# EXERCISE OBJECTIVE:
With the pictures left out, write out exactly the lines of the listing below that run from the line with "zigbee透传模块厂家公司 物联网无线通信zigbee模块 利于二次开发示例图2" through the line with "Smooth-billed Ani Bird, Crotophaga".

# TASK DATA:
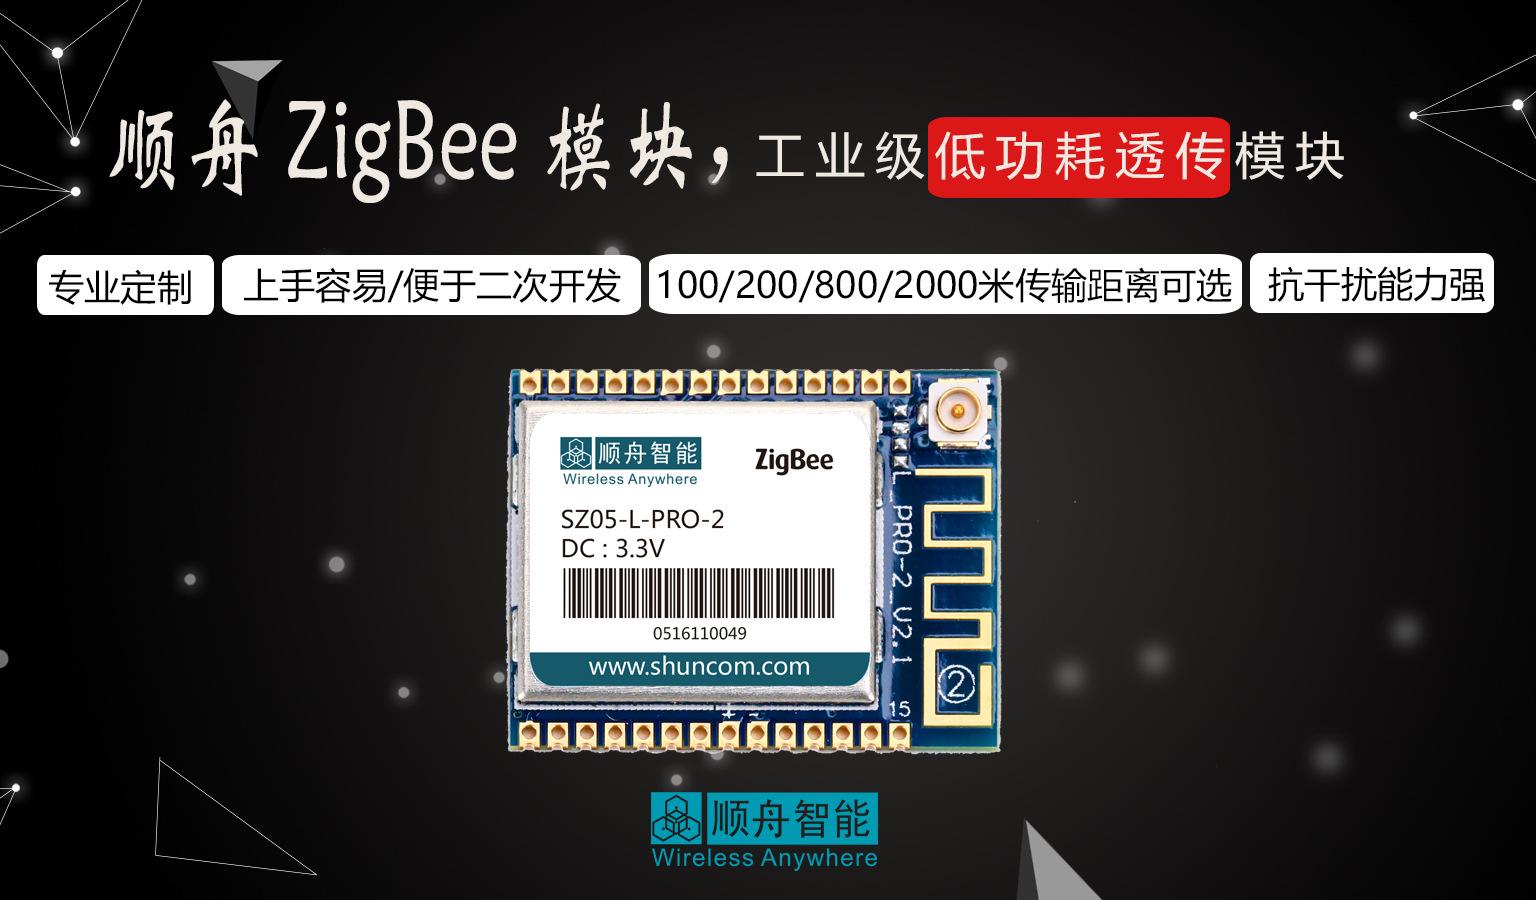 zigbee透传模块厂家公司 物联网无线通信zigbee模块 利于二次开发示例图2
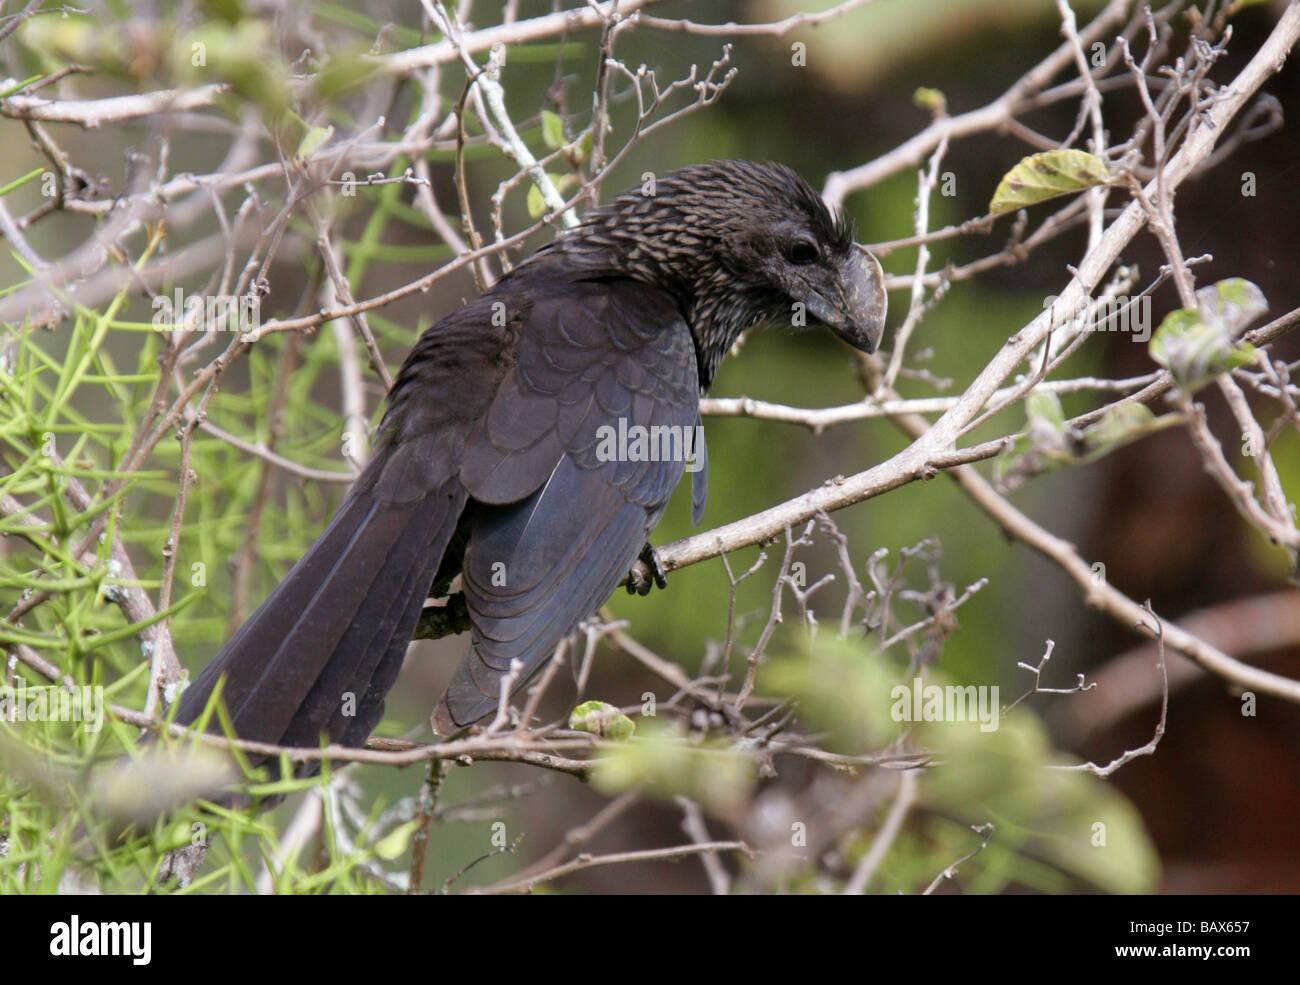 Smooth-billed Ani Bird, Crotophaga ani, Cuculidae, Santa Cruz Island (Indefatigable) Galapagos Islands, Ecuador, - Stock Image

---

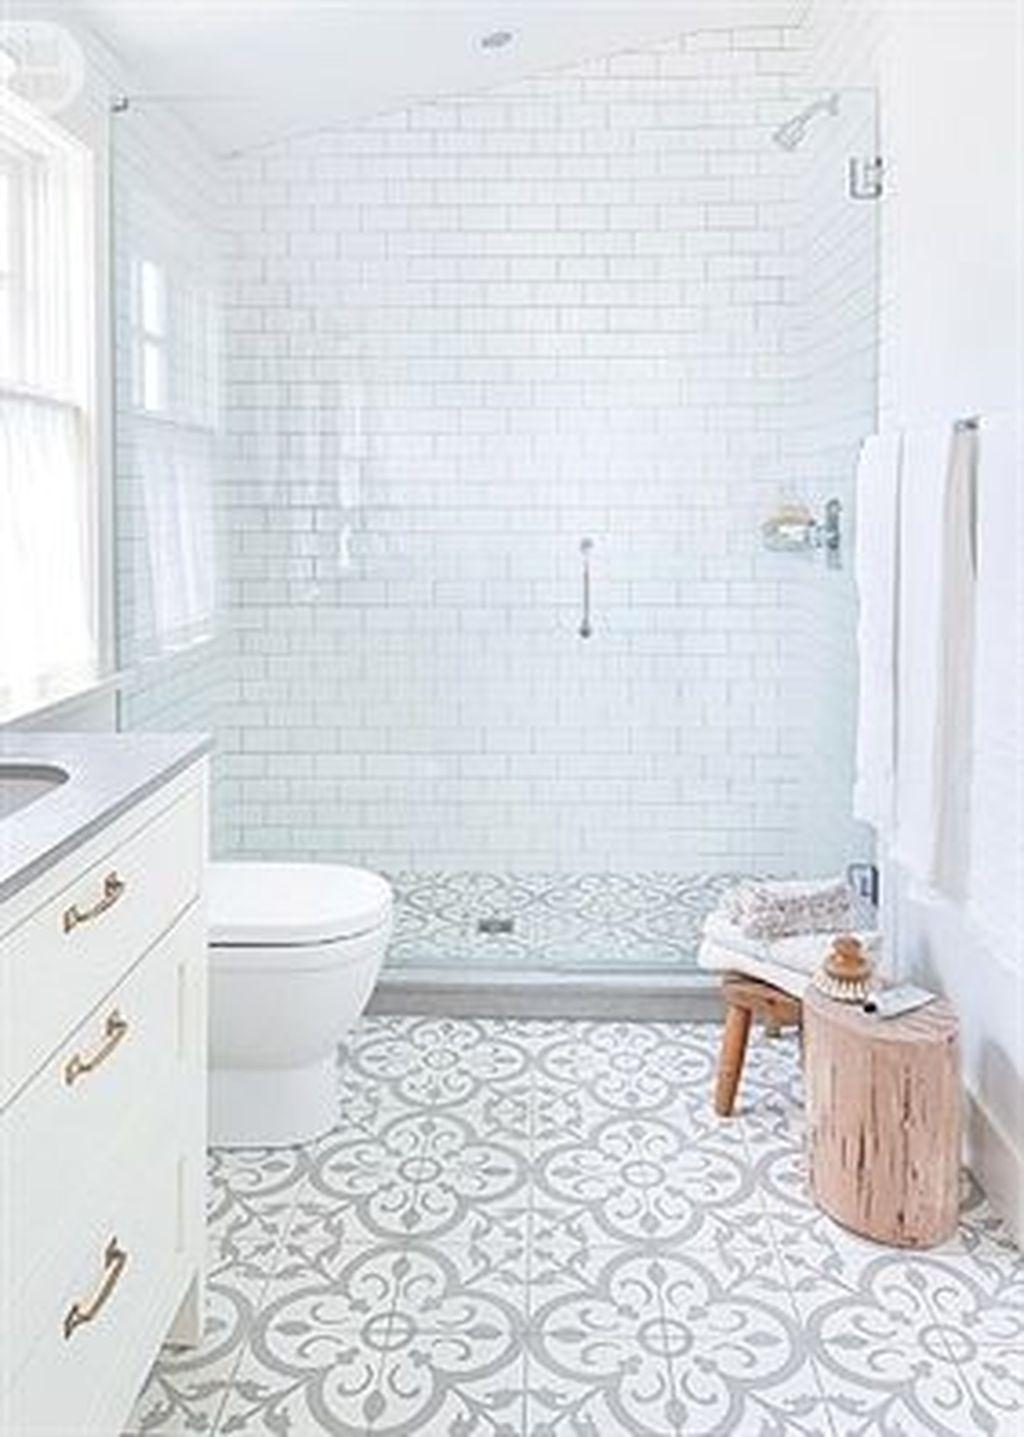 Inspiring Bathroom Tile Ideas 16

# RESULT OF THE TASK:
 zigbee透传模块厂家公司 物联网无线通信zigbee模块 利于二次开发示例图2
 Smooth-billed Ani Bird, Crotophaga ani, Cuculidae, Santa Cruz Island (Indefatigable) Galapagos Islands, Ecuador, - Stock Image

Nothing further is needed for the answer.